CRAMP Rapid Assessment. Fish Survey Techniques
Fish populations are highly variable, requiring numerous transects to quantify absolute values of fish communities. Spatial and temporal variability can reduce statistical power by increasing standard deviations. The rapid assessment technique (RAT) was designed to use quantitative, relative values to compare stations and sites relative to others. This can be calculated within a site, by island or statewide. In this manner, RATs can cover a large spatial region and keep costs and effort at a minimum, while maintaining statistical integrity by developing a large sample size. In addition, its design allows for statistical comparability with the more intensive, repeatable Long-term monitoring transects.
To encompass as wide a spatial range as possible and to address the issue of spatial variability, a many but small sampling strategy was adopted (McCune and Lesica, 1992). The RAT is a trade-off between size and number of sampling units. This technique provides an efficient sampling design to assess extremely large areas. There are many advantages to selecting many, short transects over fewer transects of longer length (McCune and Grace, 2001).
Fish populations are quantified using standard visual belt transects (Brock 1954).
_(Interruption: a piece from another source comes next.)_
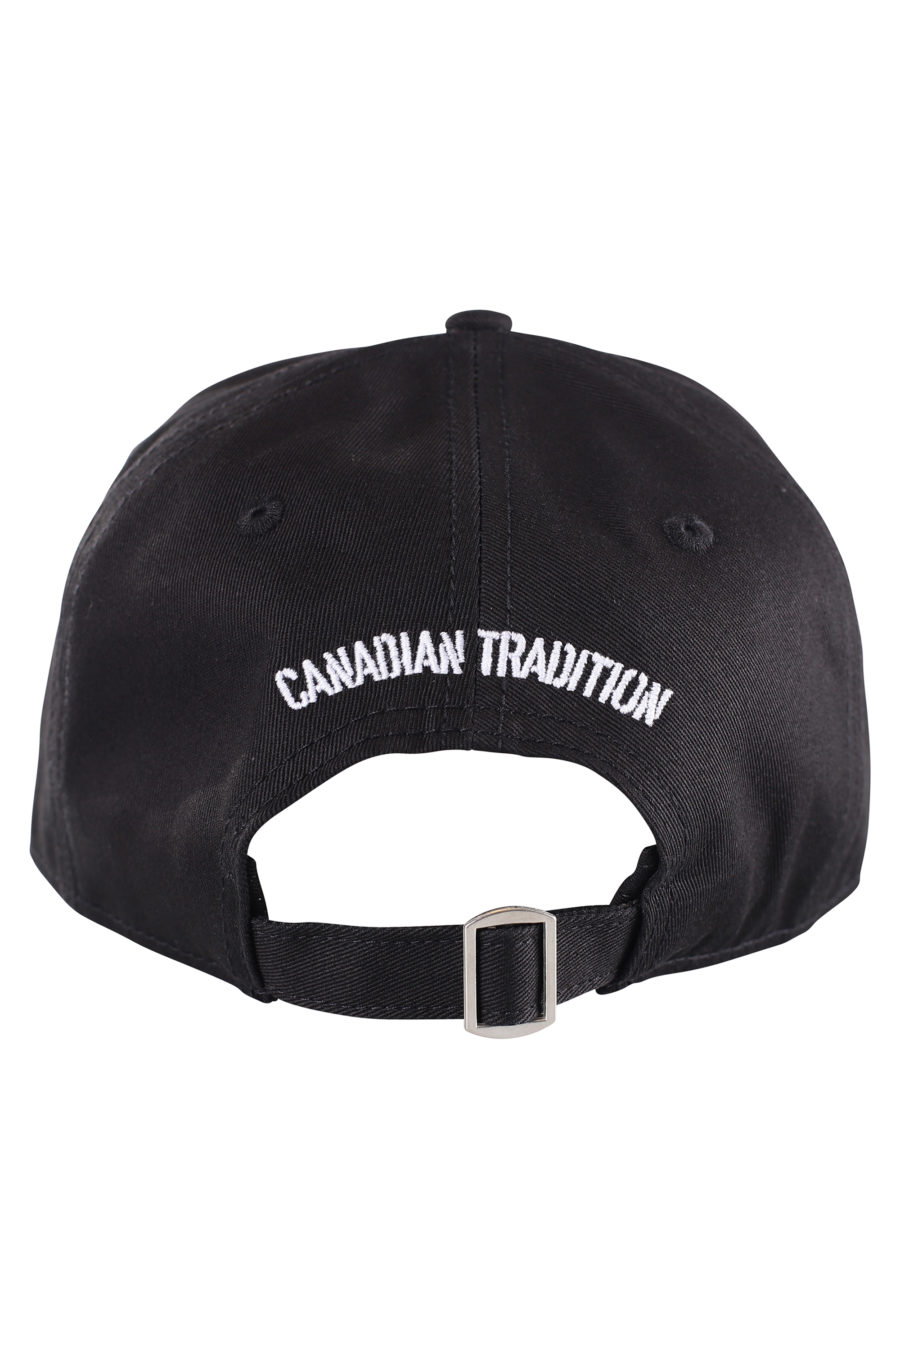 Gorra negra ajustable con logo desgastado blanco grande - IMG 9620

Transect location is determined using pre-selected random points. SCUBA divers swim along one 25 m x 5 m transect (125 m2) at each station recording species, quantity and total fish length. All fishes are identified to the lowest taxon possible.
Kuulei Rodgers recording fish numbers and lengths on rapid assessment at Waikīkī in February 2002. Photo by Erica Muse.
Total length is estimated to the nearest cm in the field and converted to biomass estimates (tons/hectare) using length-weight fitting parameters. In order to estimate fish biomass from underwater length observations, most fitting parameters were obtained from the Hawai‘i Cooperative Fishery Research Unit (HCFRU). Additionally, locally unavailable fitting parameters were obtained from Fishbase whose length-weight relationship is derived from over 1,000 references. Congeners of similar shape within certain genera were used in those rare cases lacking information.
Conversions between recorded total length (TL) and other length types (e.g. fork length FL) contained in databases involved the use of linear regressions and ratios from Fishbase linking length types. A predictive linear regression of logM vs. logL was used in most cases to estimate the fitting parameters of the length-weight relationship. Visual length estimates were converted to weight using the formula M = a * Lb where M=mass in grams, L=standard length in mm and a and b are fitting parameters.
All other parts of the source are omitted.